====== Dataset extract ======

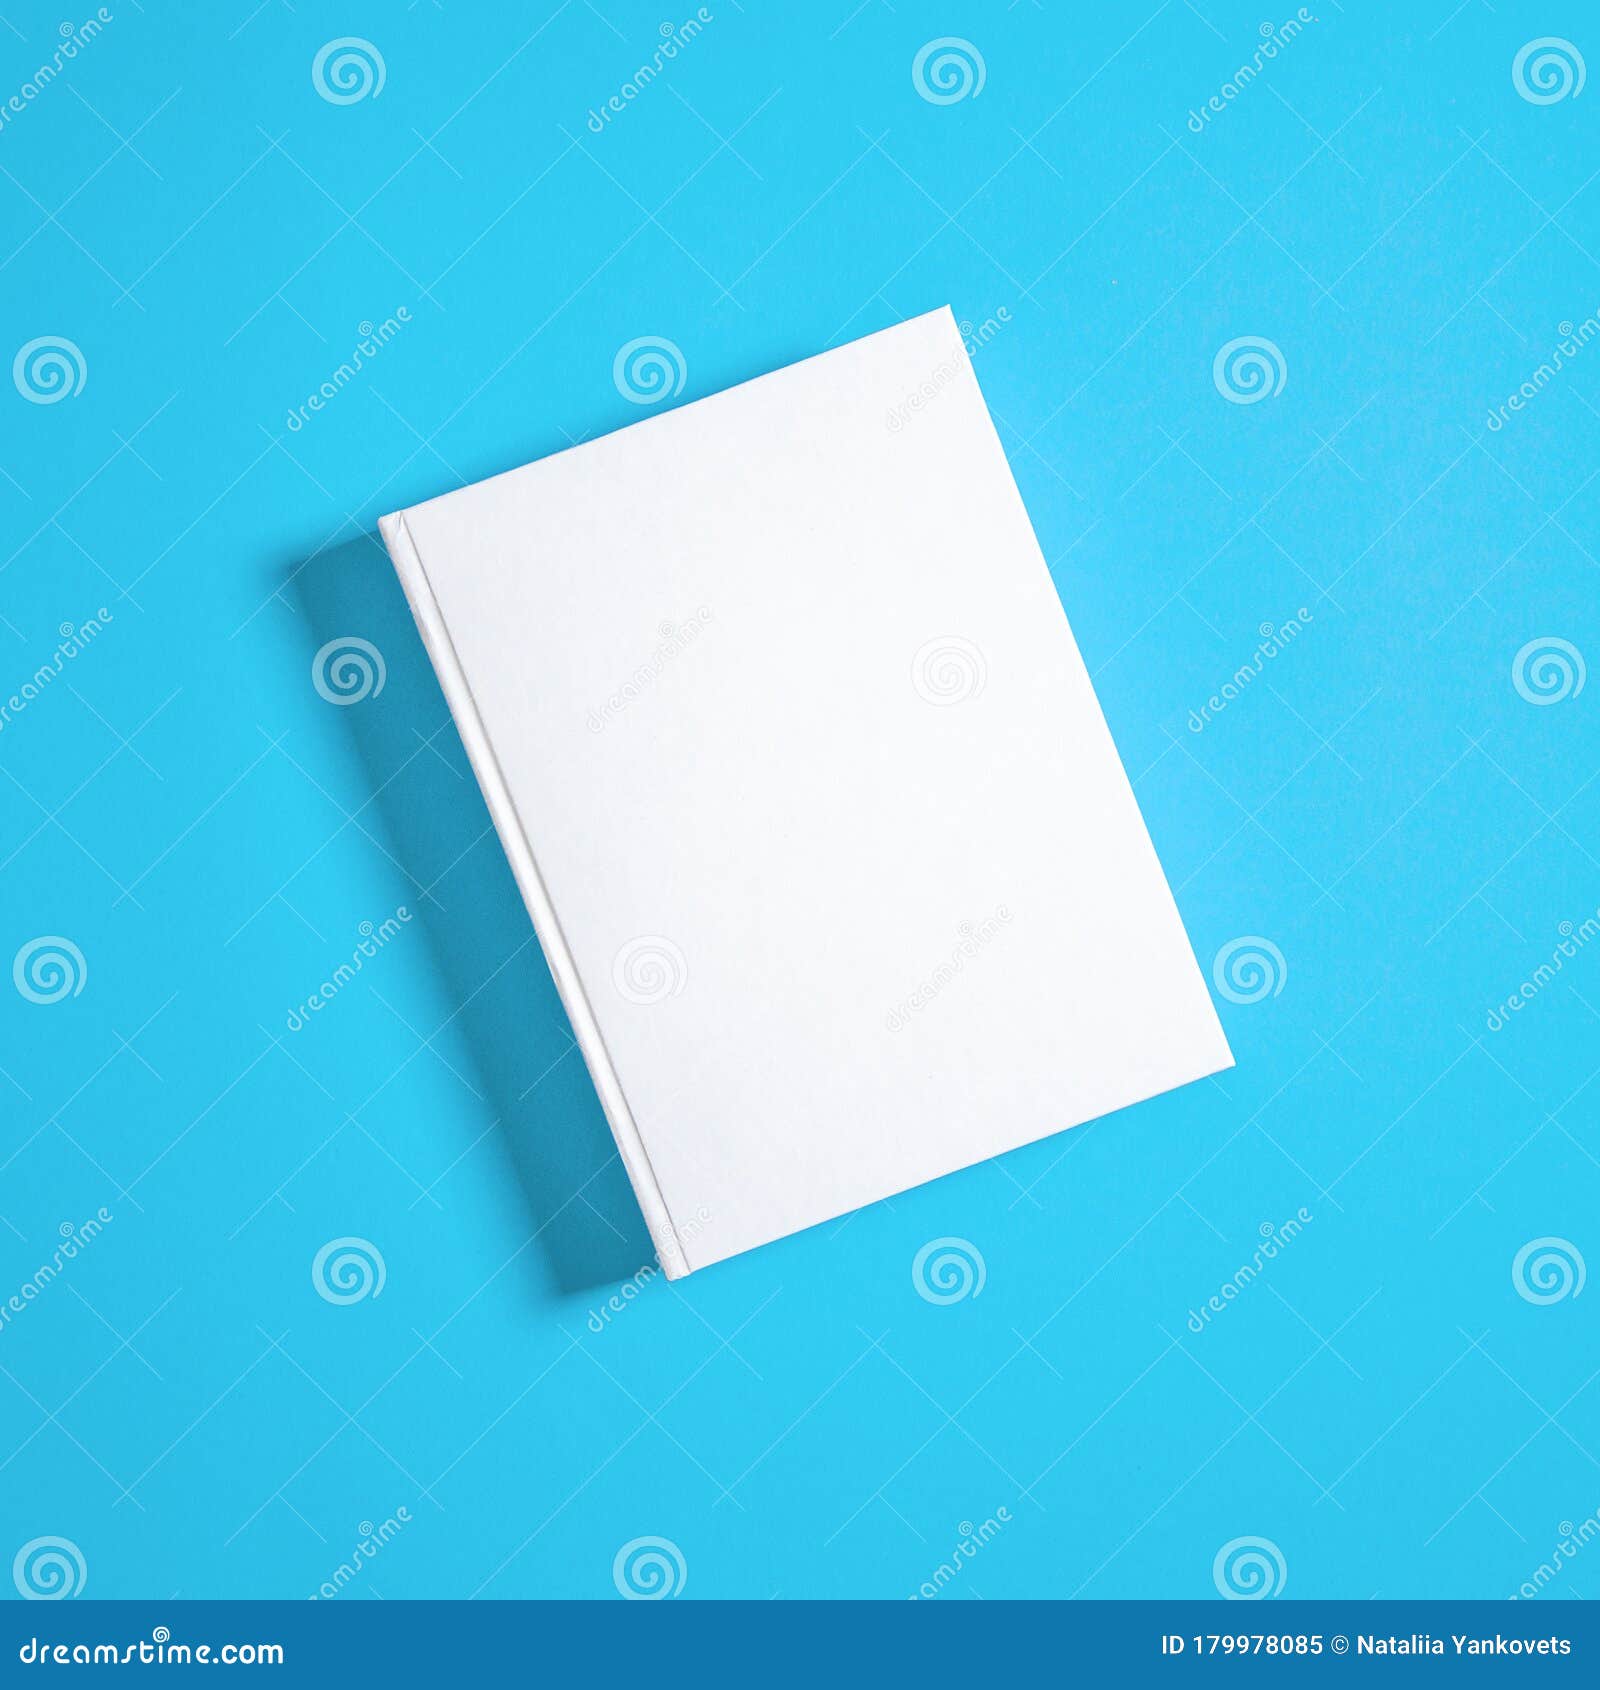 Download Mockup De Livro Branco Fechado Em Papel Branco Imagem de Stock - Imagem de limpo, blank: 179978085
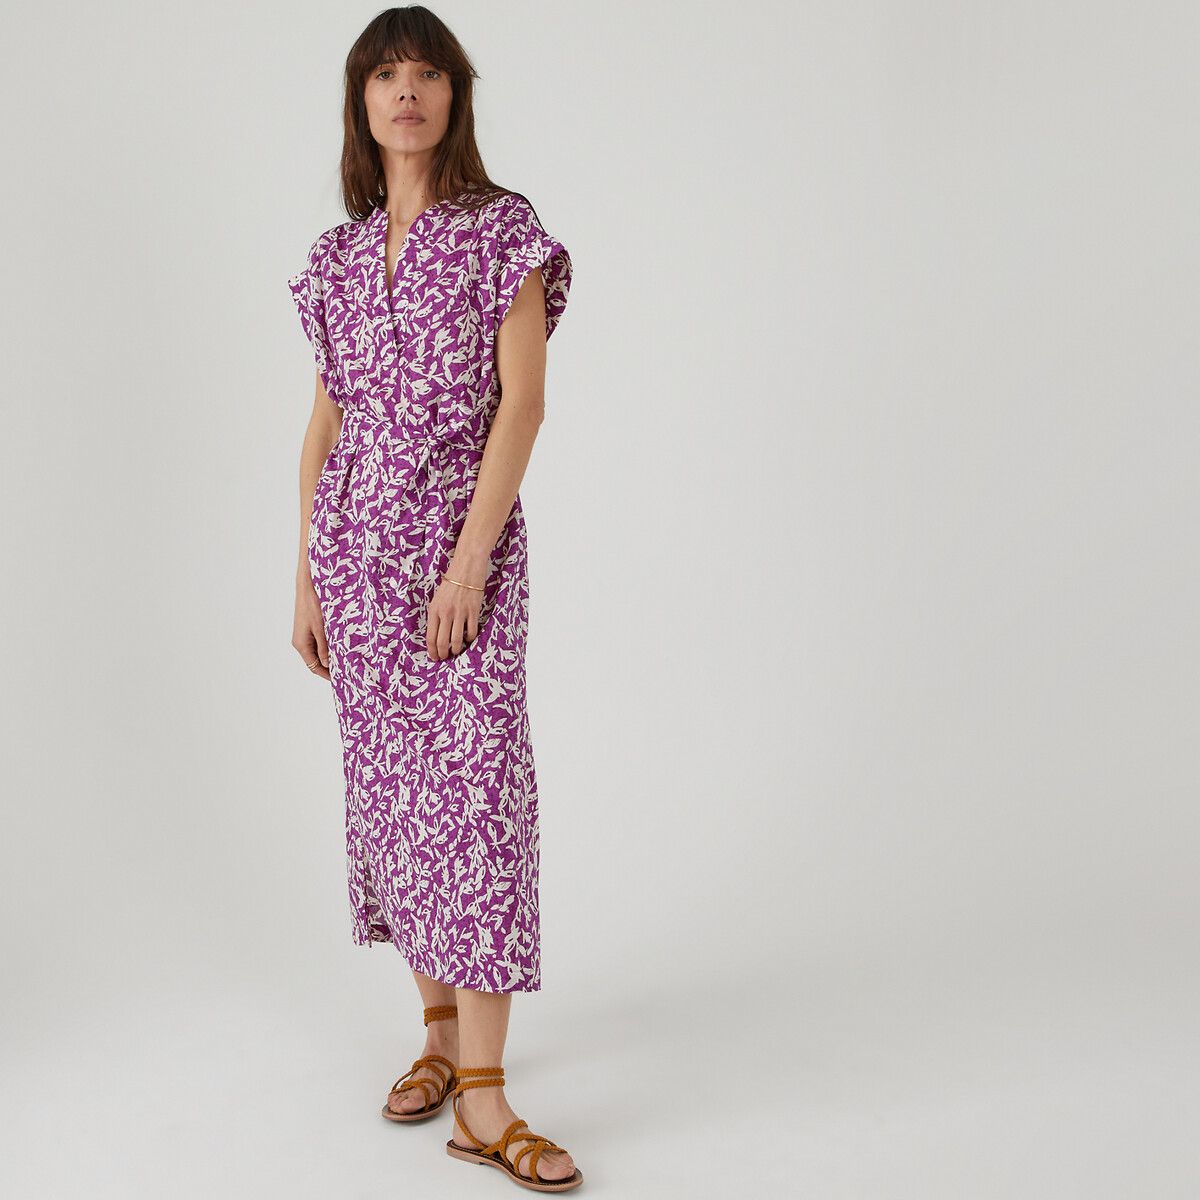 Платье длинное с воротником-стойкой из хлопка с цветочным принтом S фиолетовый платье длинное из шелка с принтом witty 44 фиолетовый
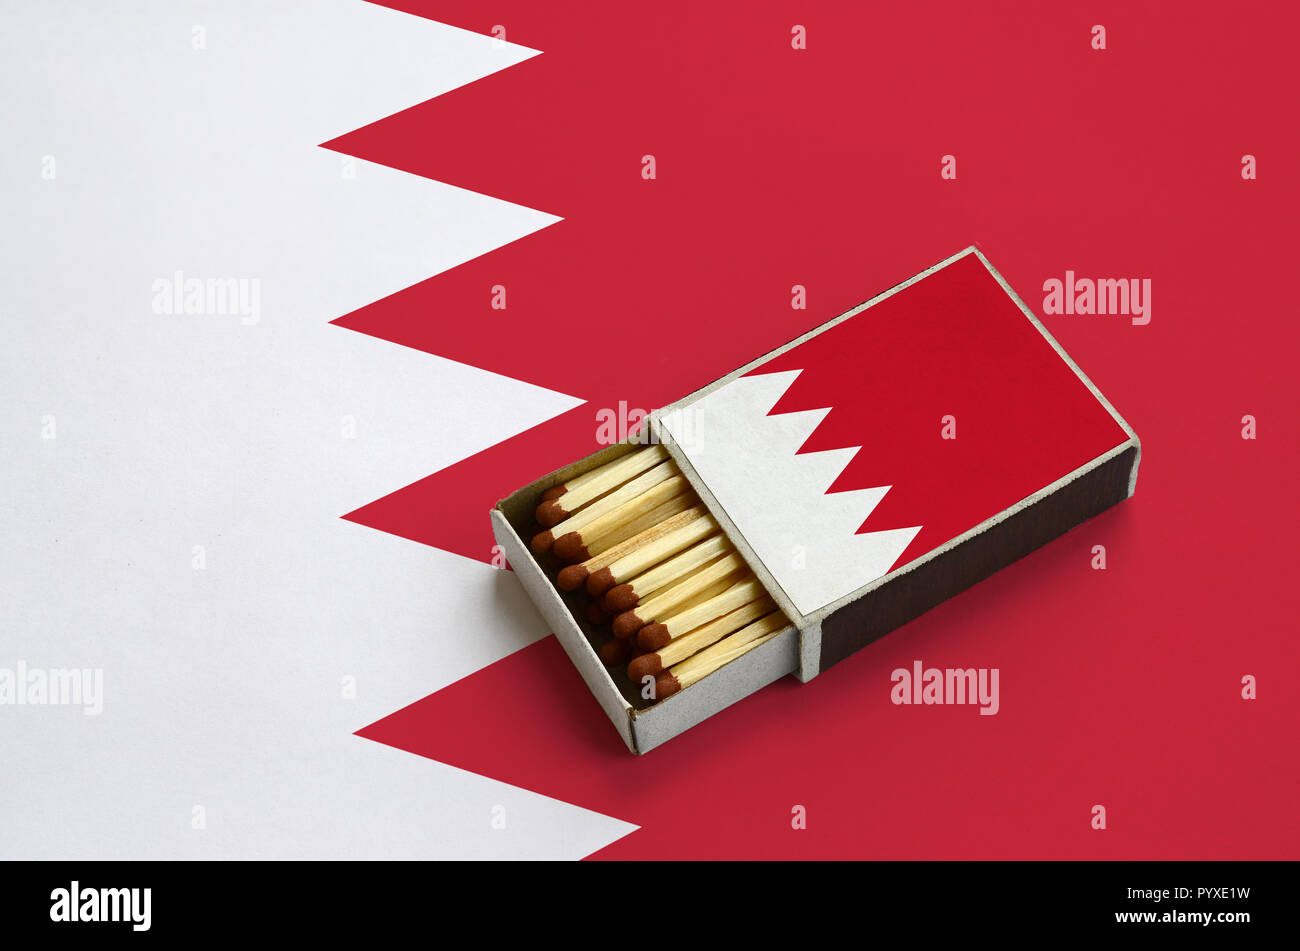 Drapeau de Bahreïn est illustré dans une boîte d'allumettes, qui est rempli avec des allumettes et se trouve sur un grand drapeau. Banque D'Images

======

Task objective: Starting at the top of the listing above, reproduce each line up to and including the one with "Платье длинное с"; omit the pictures.

Result of the exercise:
 Download Mockup De Livro Branco Fechado Em Papel Branco Imagem de Stock - Imagem de limpo, blank: 179978085
 Платье длинное с воротником-стойкой из хлопка с цветочным принтом S фиолетовый платье длинное из шелка с принтом witty 44 фиолетовый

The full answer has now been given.